▸ **EXERCISE BRIEF**:
What is needed is an exact copy of the lines in the entries below from the one holding "CH-NB - Afghanistan, Band-i-Emir, Band-i-Amir" through the one holding "Lemon Aspen Pilsner - Sobah #1", pictures excluded.

▸ **RECORDS FOR THIS EXERCISE**:

———

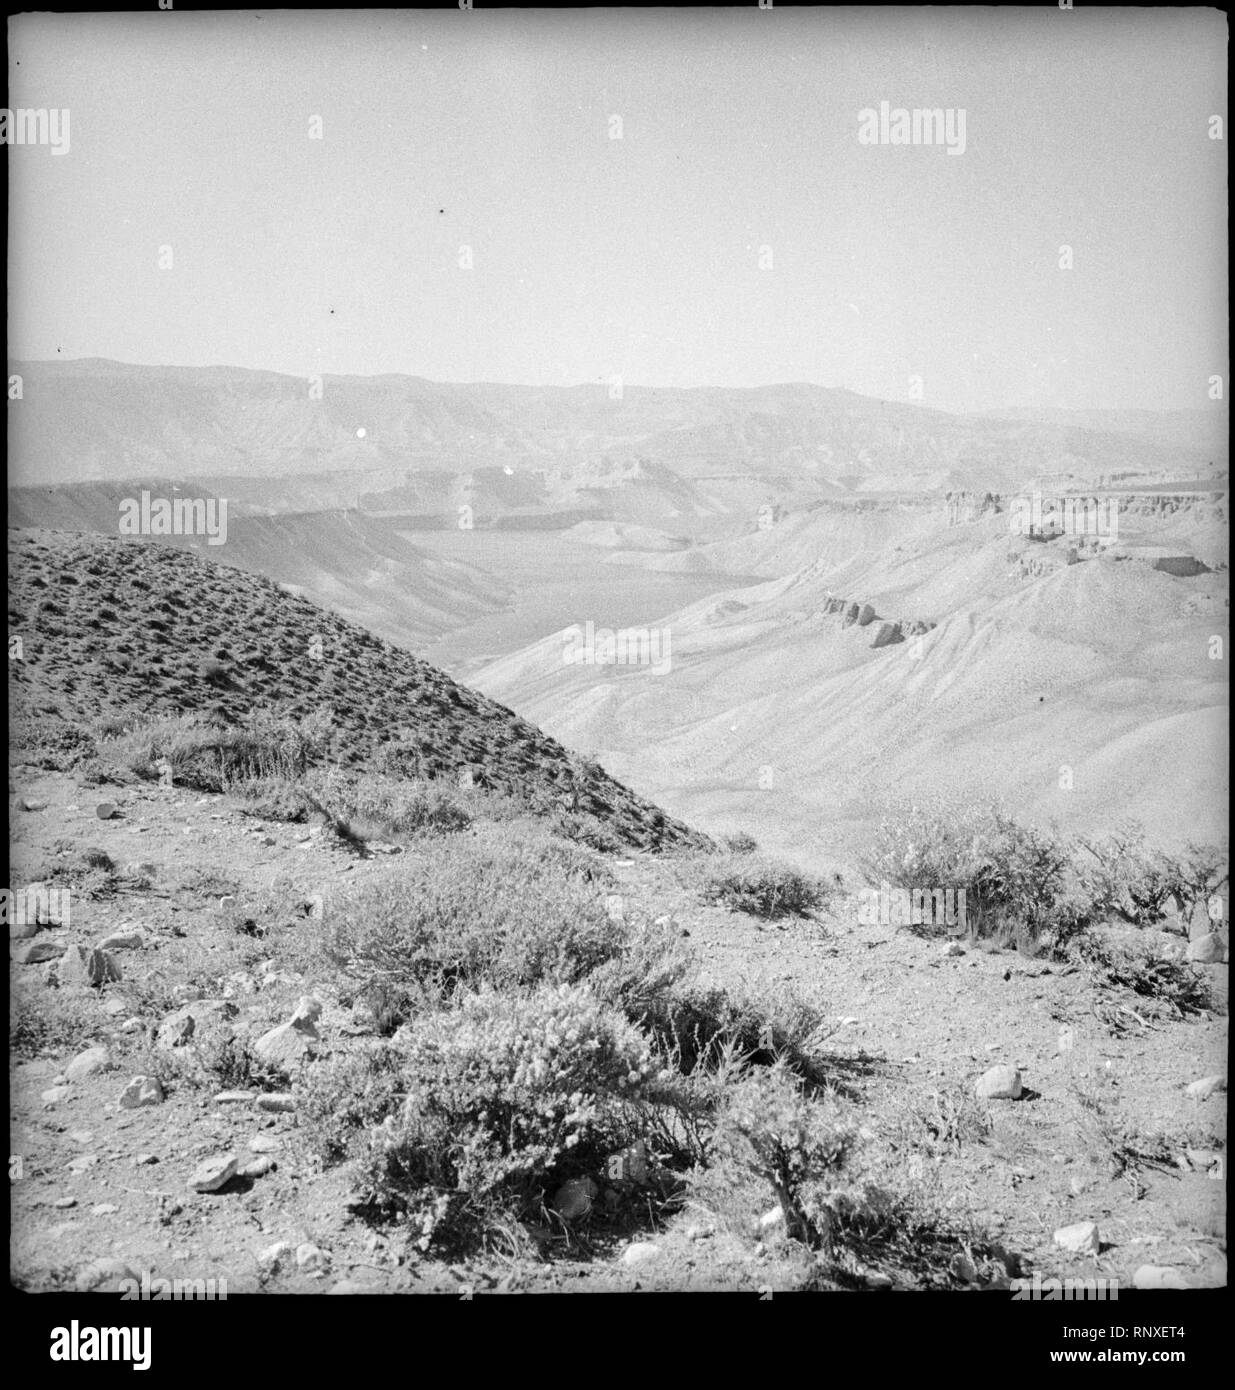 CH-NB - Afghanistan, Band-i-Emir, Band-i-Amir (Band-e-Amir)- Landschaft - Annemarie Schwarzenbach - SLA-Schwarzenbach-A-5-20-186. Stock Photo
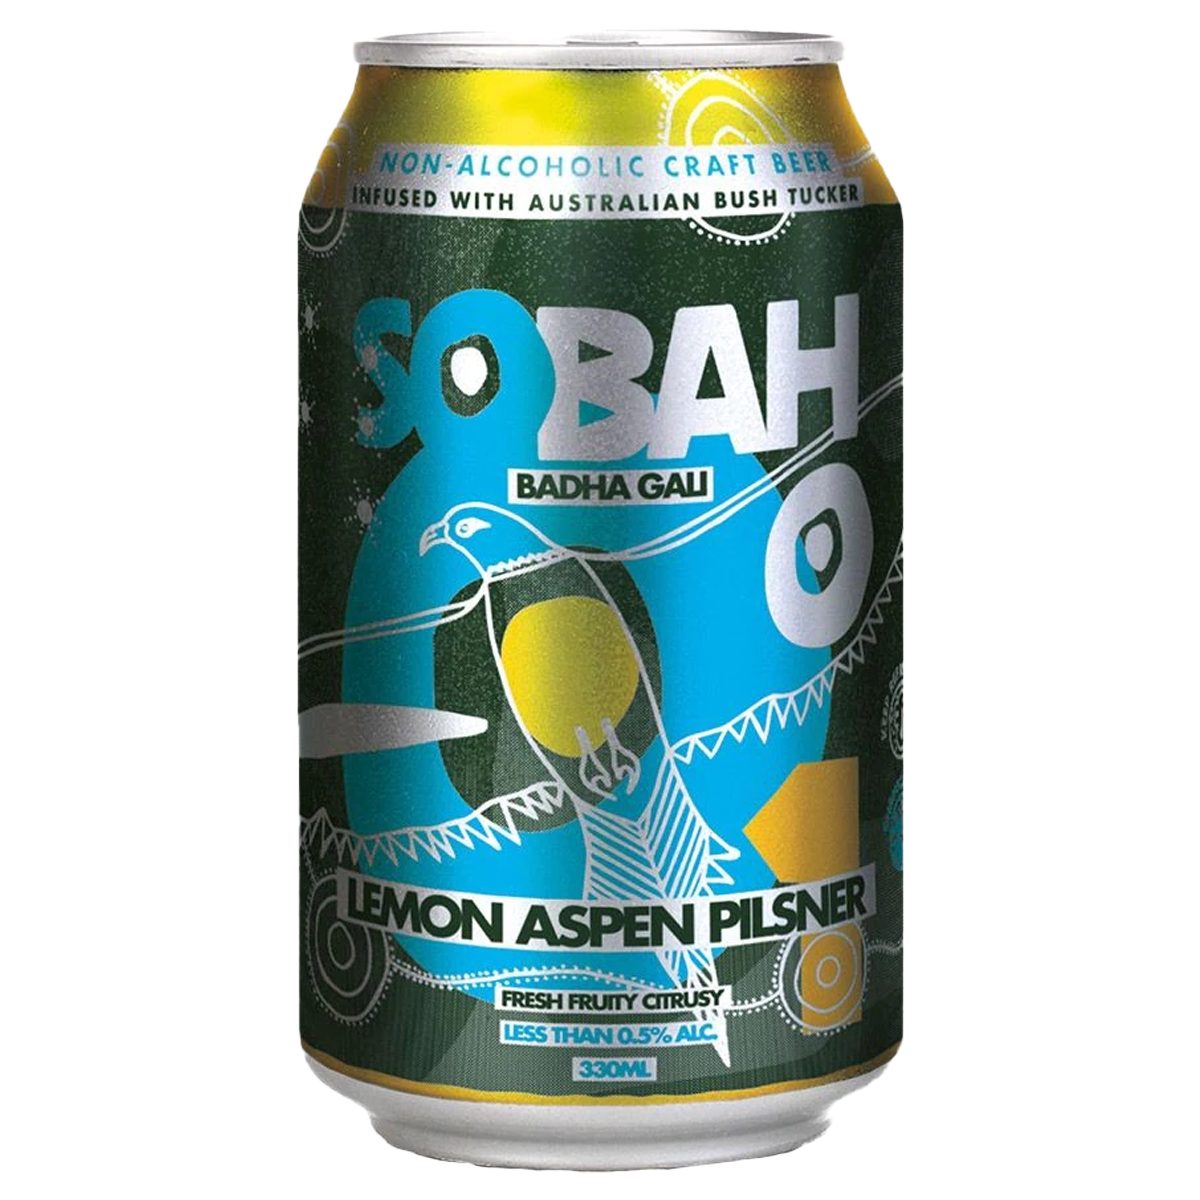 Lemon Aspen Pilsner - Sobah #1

———

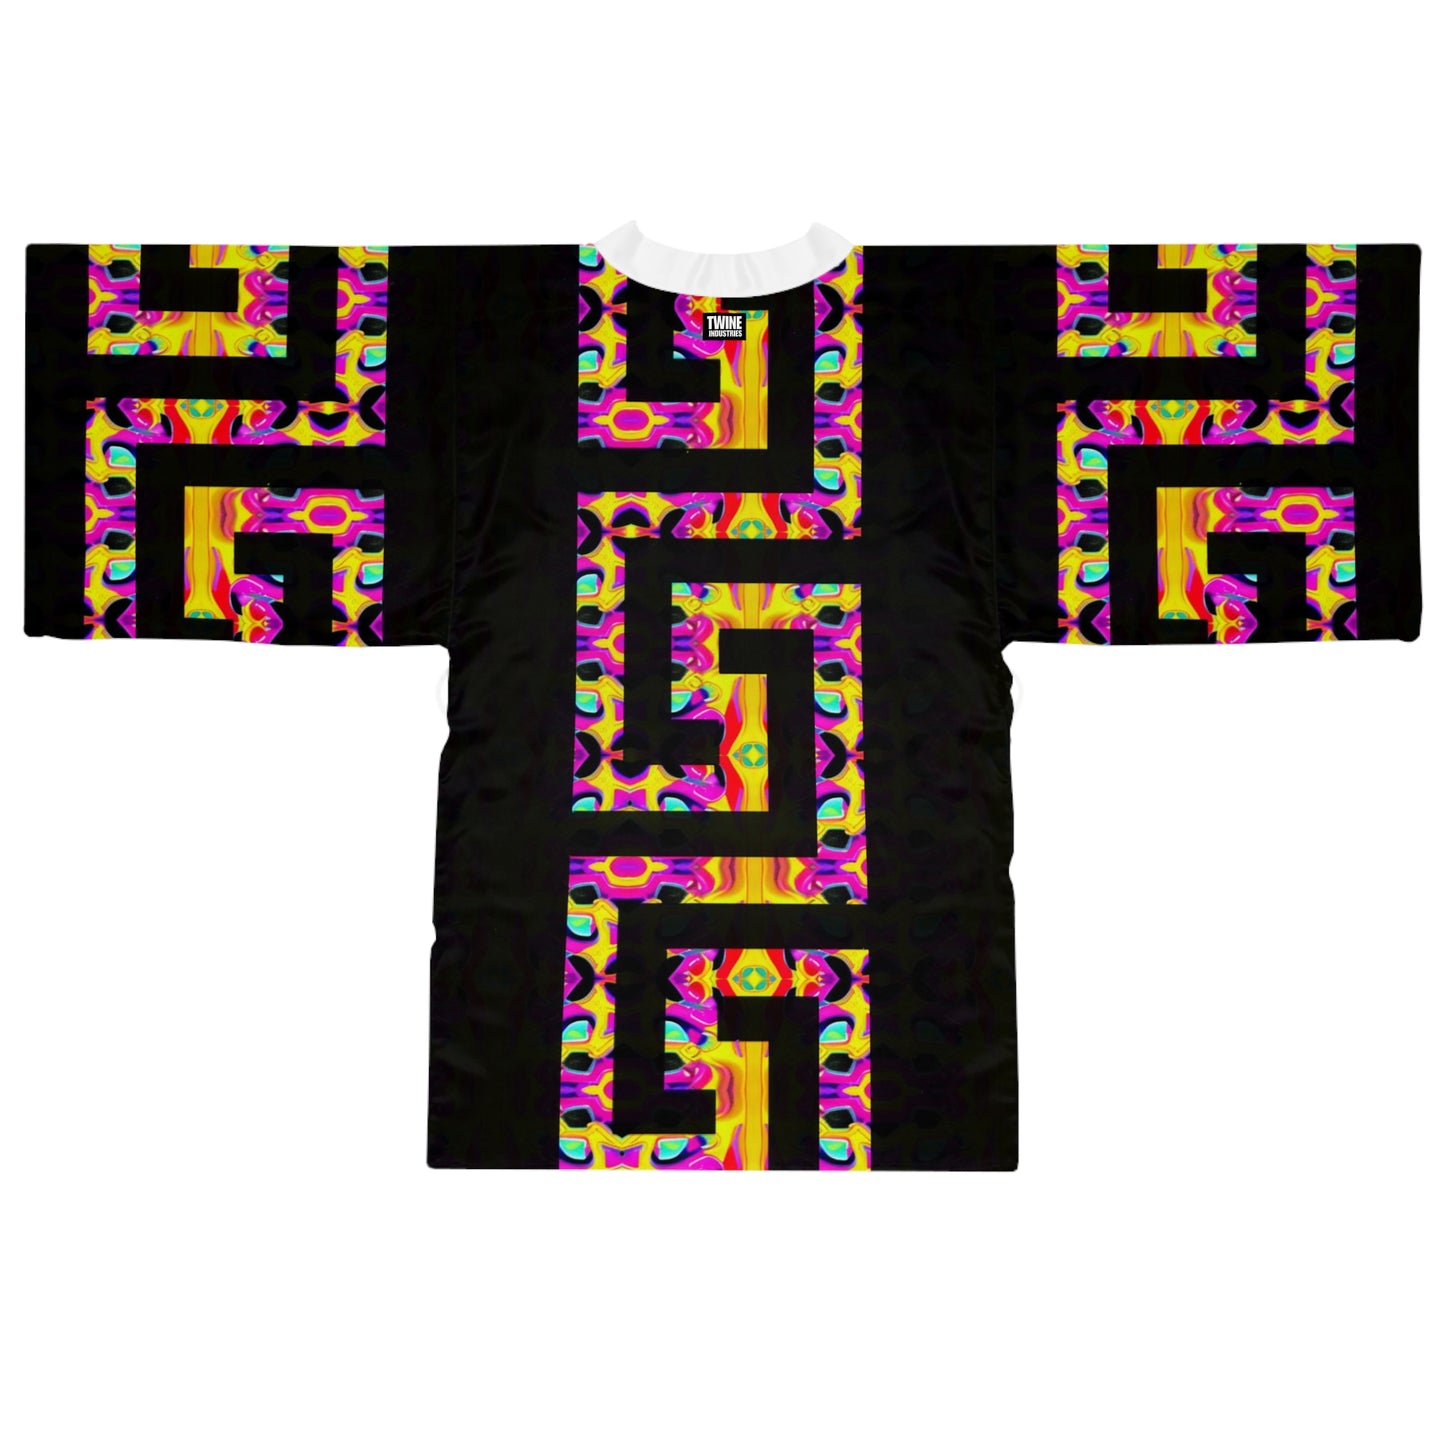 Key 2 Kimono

———

▸ **THE ANSWER**:
 CH-NB - Afghanistan, Band-i-Emir, Band-i-Amir (Band-e-Amir)- Landschaft - Annemarie Schwarzenbach - SLA-Schwarzenbach-A-5-20-186. Stock Photo
 Lemon Aspen Pilsner - Sobah #1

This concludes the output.